Tuesday, September 21, 2010

Critical Criminology 18(3)

Toward an Interpretive Criminal Justice
John P. Crank and Blythe Bowman Proulx
This paper presents the academic field of criminal justice as an interpretive social science. The opening section discusses academic criminal justice from scientific and interpretive perspectives, arguing that the terminology of “justice” is essentially contested. The second section presents the key implication of a contested core terminology: that an interpretive approach is the best way to develop the academic field of criminal justice. Section three reviews central elements of the Gadamerian tradition, with an eye towards its application to the field of criminal justice. The fourth section considers two issues pertinent to an interpretive criminal justice—the problem of interpretation in a field where professional practice is destructive to other normative systems, and the contribution of an interpretive criminal justice to public policy.

Overlooked and Overshadowed: The Case of Burundi
Kara Hoofnagle and Dawn L. Rothe
In east-central Africa, nestled between Tanzania, the Democratic Republic of the Congo and Rwanda is Burundi. From the onset of independence in 1961, Burundi has had a history of internal armed conflicts, ethnic tensions and civil unrest in the form of crimes against humanity, massive and systematic rape, and other gross human rights violations that have resulted in hundreds of thousands of civilian deaths. Nonetheless, there has been relatively little attention paid to these types of crimes by criminologists. Political discourse and subsequent media reports suggest that the cause of the violence in Burundi is rooted in reappearing ethnic tensions between two ethnic groups. Yet, the origins and continued enactment of the conflict is far more complex. In this paper, the authors draw upon the extant state crime literature to both conceptually frame, and theoretically illuminate, the crimes against humanity and other gross human rights violations that have occurred.

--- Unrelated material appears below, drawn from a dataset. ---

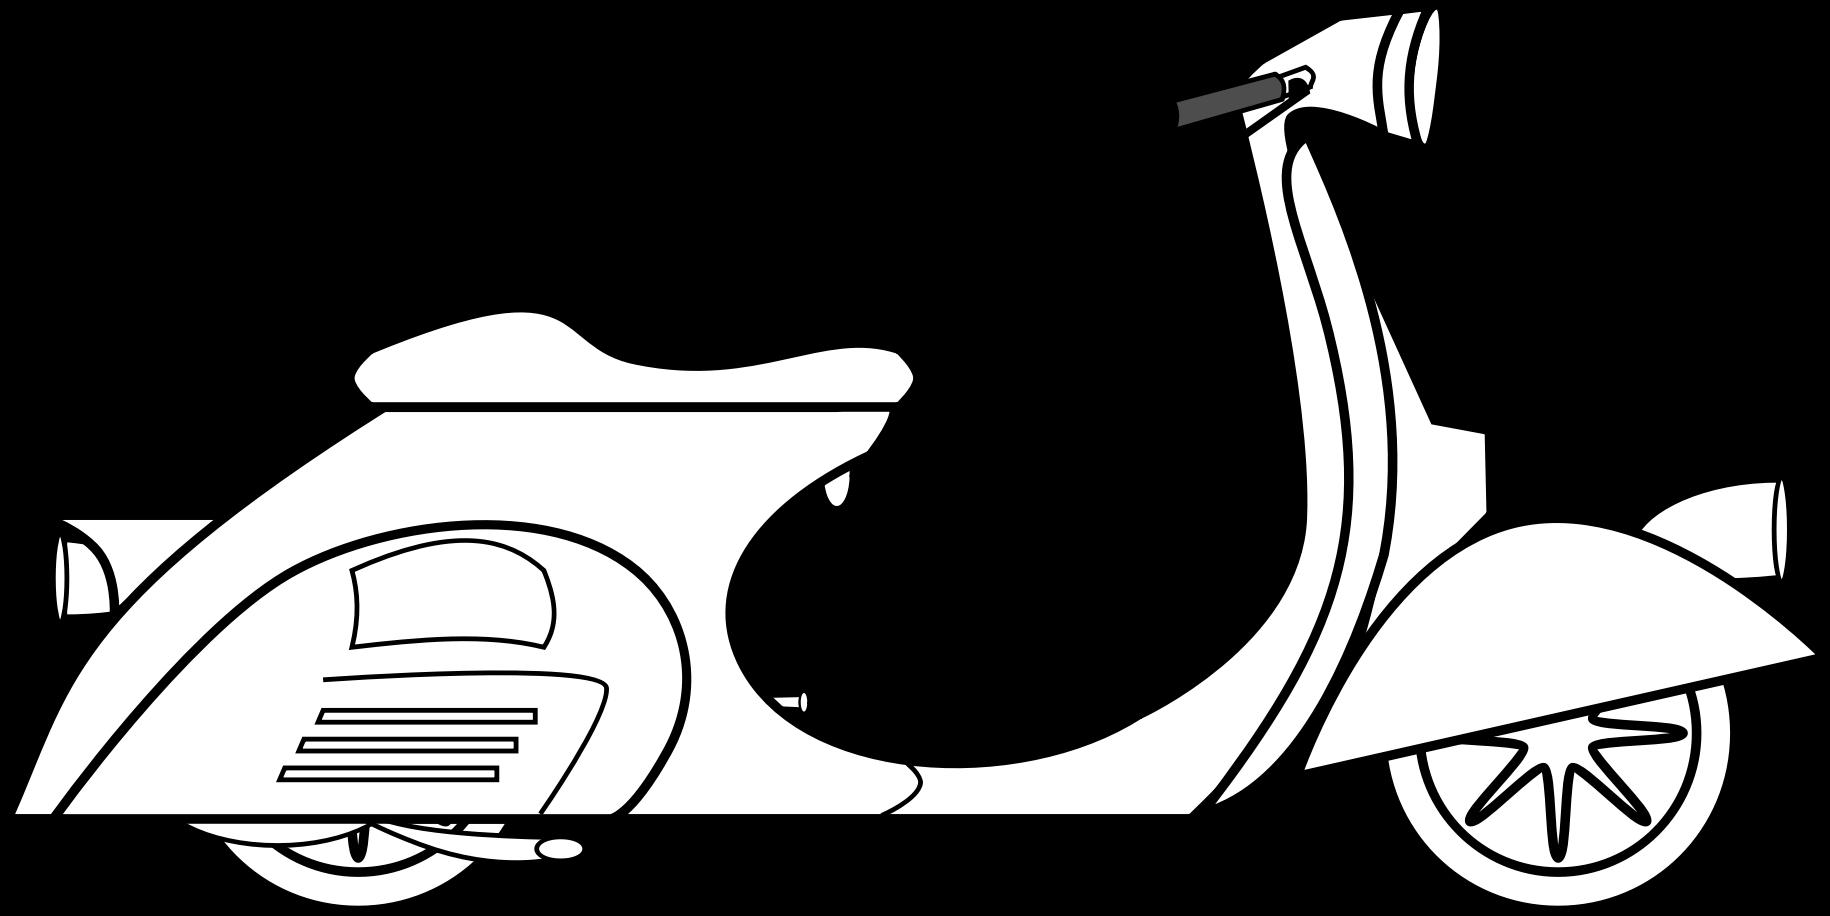 vector transparent stock Vespa big image png. Scooter clipart motor vehicle

Presidential Candidates and State Crime: Views of Some U.S. College Students
Josh Klein and Cathryn Lavery
This is a preliminary investigation of hawkish public opinion, understood as criminogenic in that it provides political support for state crimes of aggressive militarism. Our critical criminology approach treats public support for, or acceptance of, state aggression as part of criminogenic political culture. Despite growing interest among critical criminologists in broader perspectives on state crime and the politics of culture, there has been no work on this topic. Our survey of 53 criminal justice students at a liberal arts college finds both hawkish (militarist) and dovish (peaceful) beliefs and preferences regarding U.S. policy and the two major 2008 presidential candidates, Obama and McCain. We investigate whether authoritarianism helps explain hawkish opinions, but find little evidence for that expectation. We find evidence of respondent underestimation of the hawkishness of U.S. politics. We also find extensive evidence of dovish policy preferences, such as approval of diplomacy, a major attraction to Obama.

Scientific Method and the Crimes of the Powerful
Kristian Lasslett
Over the past six decades researchers interested in the crimes of the powerful have developed a respectable body of literature. Owing to the empirical and theoretical richness of these contributions, the crimes of the powerful sub-field is ready for critical interventions to be made on the plane of scientific method. Moreover, such interventions have become increasingly necessary owing to the disciplinary hegemony of an orthodox empiricist approach which erects a problematic boundary between empirical representations of the crimes of the powerful and theoretical explanation. To aid a critique of this approach, this paper will employ the scientific framework of classical Marxism to decipher the peculiar problems which flow out of the orthodoxy’s method. It will be concluded that while classical Marxism offers a more rigorous framework for penetrating analyses of the crimes of the powerful, orthodox scholars have nevertheless made significant contributions which should also be utilised in future research.

Engendering Imprisonment: The State and Incarcerated Female Subjects in Taiwan
Hua-Fu Hsu
In International feminist perspectives in criminology, Rafter and Heidensohn in International feminist perspectives in criminology: Engendering a discipline. Open University Press, Buckingham, (1995: 4) contended that current mainstream criminology was the most masculine of all social sciences. A look at arguments about penal development confronts us with the fact that most historical studies are not gender-specific. Whether female offenders were victimized or acted as their own agents in the penal institutions can be determined with reference to two considerations: first, women prisoners have persistently been treated differently from their male contemporaries; second, female offenders have typically been burdened with formal penalties and informal gender disciplines as punishments for their wrongdoings. The relationship between women and the state provides some clues regarding how penal institutions, which are authorized to act for the state in imposing penalties, treat female offenders and why women’s imprisonment has taken the forms that are evident historically. This study traces the unique political and social conditions of Taiwan’s history to determine what reformations penal institutions have sought to enforce upon female prisoners and which body-types of female inmates have been ‘docile’, ‘obedient’, and ‘useful’ to the state. From the establishment of women’s care homes and the practice of separating the genders in penal institutions, to the implementation of independent women’s prisons, the state in Taiwan has played a dominant role in penal reforms in various historical contexts. This investigation aims to provide a critical and unique perspective of the penalization of women.